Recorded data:
_ _ _ _ _
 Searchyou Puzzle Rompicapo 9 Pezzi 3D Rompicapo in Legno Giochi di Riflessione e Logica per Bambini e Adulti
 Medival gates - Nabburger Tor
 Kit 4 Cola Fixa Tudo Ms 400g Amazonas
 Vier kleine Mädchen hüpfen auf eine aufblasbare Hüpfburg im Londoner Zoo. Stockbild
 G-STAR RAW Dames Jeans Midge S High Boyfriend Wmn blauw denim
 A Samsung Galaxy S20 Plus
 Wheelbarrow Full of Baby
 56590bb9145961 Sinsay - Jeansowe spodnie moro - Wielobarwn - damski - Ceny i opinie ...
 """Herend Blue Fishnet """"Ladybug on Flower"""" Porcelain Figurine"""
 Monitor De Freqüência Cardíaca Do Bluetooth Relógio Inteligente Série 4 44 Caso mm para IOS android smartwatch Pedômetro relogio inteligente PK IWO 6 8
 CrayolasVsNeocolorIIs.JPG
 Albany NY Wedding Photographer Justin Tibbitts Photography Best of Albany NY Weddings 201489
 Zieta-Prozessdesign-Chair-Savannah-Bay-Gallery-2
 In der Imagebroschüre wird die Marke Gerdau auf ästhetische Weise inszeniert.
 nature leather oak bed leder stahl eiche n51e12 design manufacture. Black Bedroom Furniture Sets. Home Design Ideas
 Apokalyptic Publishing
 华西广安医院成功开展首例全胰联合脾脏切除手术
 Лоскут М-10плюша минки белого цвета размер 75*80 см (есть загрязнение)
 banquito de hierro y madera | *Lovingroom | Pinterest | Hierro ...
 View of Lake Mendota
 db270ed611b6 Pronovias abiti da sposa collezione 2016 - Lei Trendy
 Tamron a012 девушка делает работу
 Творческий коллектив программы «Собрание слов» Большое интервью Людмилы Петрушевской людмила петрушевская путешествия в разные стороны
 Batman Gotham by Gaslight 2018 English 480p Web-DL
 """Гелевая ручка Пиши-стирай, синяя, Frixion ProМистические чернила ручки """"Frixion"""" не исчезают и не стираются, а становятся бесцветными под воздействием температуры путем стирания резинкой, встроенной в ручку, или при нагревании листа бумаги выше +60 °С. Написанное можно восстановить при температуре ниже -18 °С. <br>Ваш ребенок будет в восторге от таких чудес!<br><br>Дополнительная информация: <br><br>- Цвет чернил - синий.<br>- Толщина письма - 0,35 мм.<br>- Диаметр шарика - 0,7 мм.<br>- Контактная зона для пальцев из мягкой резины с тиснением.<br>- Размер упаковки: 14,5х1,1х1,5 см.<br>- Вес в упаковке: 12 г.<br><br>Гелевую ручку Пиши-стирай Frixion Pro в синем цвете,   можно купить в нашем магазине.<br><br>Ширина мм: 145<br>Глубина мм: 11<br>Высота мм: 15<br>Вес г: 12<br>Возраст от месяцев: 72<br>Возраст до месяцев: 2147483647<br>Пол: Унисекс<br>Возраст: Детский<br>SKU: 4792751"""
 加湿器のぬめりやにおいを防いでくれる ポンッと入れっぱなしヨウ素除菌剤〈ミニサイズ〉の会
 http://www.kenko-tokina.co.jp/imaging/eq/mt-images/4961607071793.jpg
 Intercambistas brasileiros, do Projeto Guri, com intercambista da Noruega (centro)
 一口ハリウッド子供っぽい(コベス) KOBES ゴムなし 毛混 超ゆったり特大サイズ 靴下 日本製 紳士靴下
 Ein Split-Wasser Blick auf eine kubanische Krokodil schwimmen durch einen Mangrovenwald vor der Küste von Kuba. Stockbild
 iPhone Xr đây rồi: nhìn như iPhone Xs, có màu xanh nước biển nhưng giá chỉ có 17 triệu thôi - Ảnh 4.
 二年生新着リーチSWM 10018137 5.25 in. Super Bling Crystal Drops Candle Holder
_ _ _ _ _
WORK REQUEST:
Each line from the one that contains "一口ハリウッド子供っぽい(コベス) KOBES ゴムなし" through the end of the records must be repeated exactly. No other line belongs in the answer.

ANSWER BOX:
 一口ハリウッド子供っぽい(コベス) KOBES ゴムなし 毛混 超ゆったり特大サイズ 靴下 日本製 紳士靴下
 Ein Split-Wasser Blick auf eine kubanische Krokodil schwimmen durch einen Mangrovenwald vor der Küste von Kuba. Stockbild
 iPhone Xr đây rồi: nhìn như iPhone Xs, có màu xanh nước biển nhưng giá chỉ có 17 triệu thôi - Ảnh 4.
 二年生新着リーチSWM 10018137 5.25 in. Super Bling Crystal Drops Candle Holder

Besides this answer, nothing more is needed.